Многие одобренные биоподобные продукты и продукты типа «я тоже» были произведены с использованием микробных систем экспрессии, для которых E. coli остается предпочтительным хозяином6. Поскольку фрагменты антител Fab и scFv негликозилированы и относительно малы, их производство в E. coli может быть более простым и экономически выгодным, чем в традиционных системах культивирования клеток млекопитающих. Фрагменты антител представляют собой белки с дисульфидными связями, которые традиционно рекомбинантно продуцируются в окислительной периплазме или в виде телец включения в восстанавливающей цитоплазме E. coli. Однако оба подхода создают критические узкие места в эффективном производстве этих представляющих интерес белков. Периплазматическая экспрессия Fab часто приводит к низким выходам белка, главным образом из-за неэффективной транслокации белков и небольшого объема периплазмы, в то время как цитоплазматическая экспрессия сталкивается с ограничениями с точки зрения деградации белков в ненативном состоянии и агрегации с тельцами включения. Из семи продаваемых Fab два производятся в E. coli в форме телец включения3,7. Складывание Fab представляет собой сложный процесс, включающий образование дисульфидных связей, цис-транс-пролильную изомеризацию и контролируемую олигомеризацию, и, следовательно, рефолдинг телец включений часто неэффективен и дорог8.

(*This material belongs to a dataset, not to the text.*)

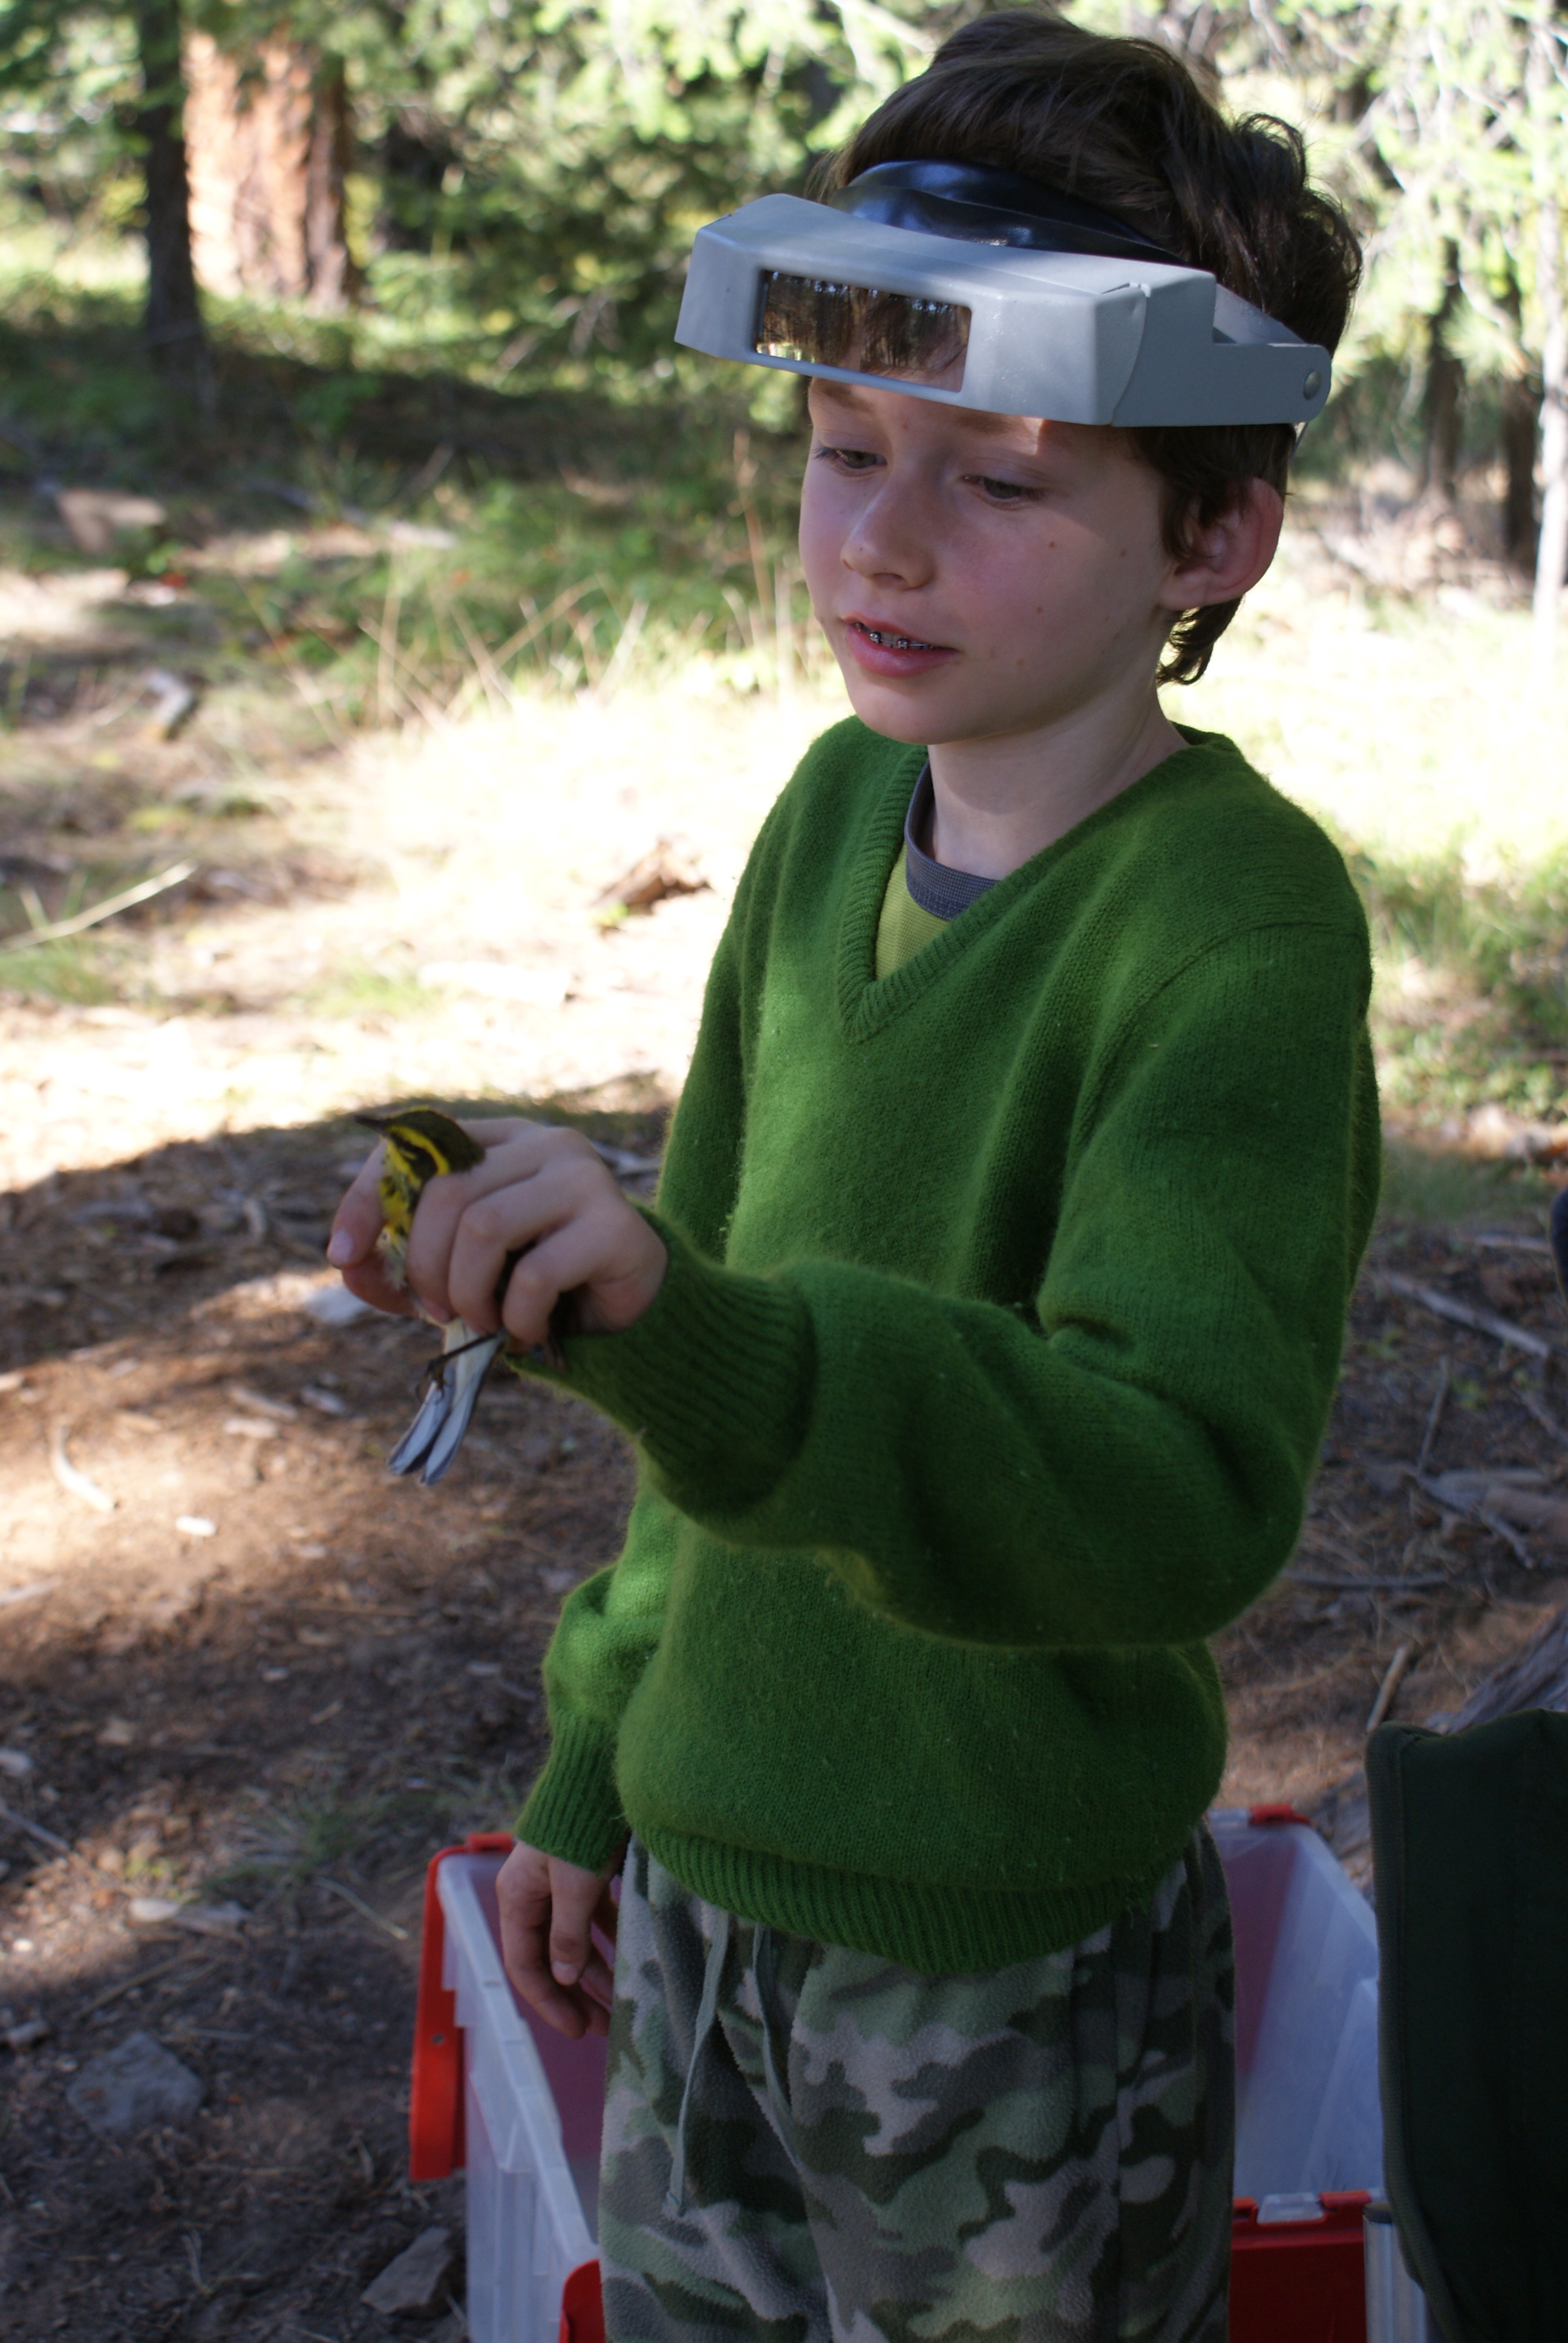 A Weekend with Birds – McDaniel Lake Camping with PSBO

Fab-фрагменты состоят из двух ковалентно связанных полипептидных цепей, а именно тяжелой (HC) и легкой (LC) цепей, которые содержат соответственно два константных домена CH1 и CL и два антигенсвязывающих вариабельных домена VH и VL (рис. 1А). Домен CH1 изолированно представляет собой неупорядоченный белок и остается в развернутом состоянии независимо от образования дисульфидных связей9. Одним из критических этапов, ограничивающих скорость сворачивания фрагментов антител, является ассоциация константных доменов, поскольку домен CH1 принимает типичную складку иммуноглобулина (Ig) только при взаимодействии с доменом CL9,10. Кроме того, низкая стабильность HC в сочетании с образованием ковалентно и нековалентно связанных димеров LC гарантирует необходимость балансирования синтеза двух цепей11,12. Разработка и скрининг конструкций с различной силой трансляции LC и HC для оптимальной экспрессии Fab может быть трудоемким, дорогим и не обязательно может привести к успеху. Существует несколько подходов к обеспечению эффективной гетеродимеризации в молекуле Fab, например, Ojima-Kato et al. сообщили о слиянии пар пептидов лейцин-молния с константными доменами (Zipbody)13. Однако это ограничивает терапевтическое применение Fab из-за необходимости этапов расщепления метки и последующих проблем с иммуногенностью.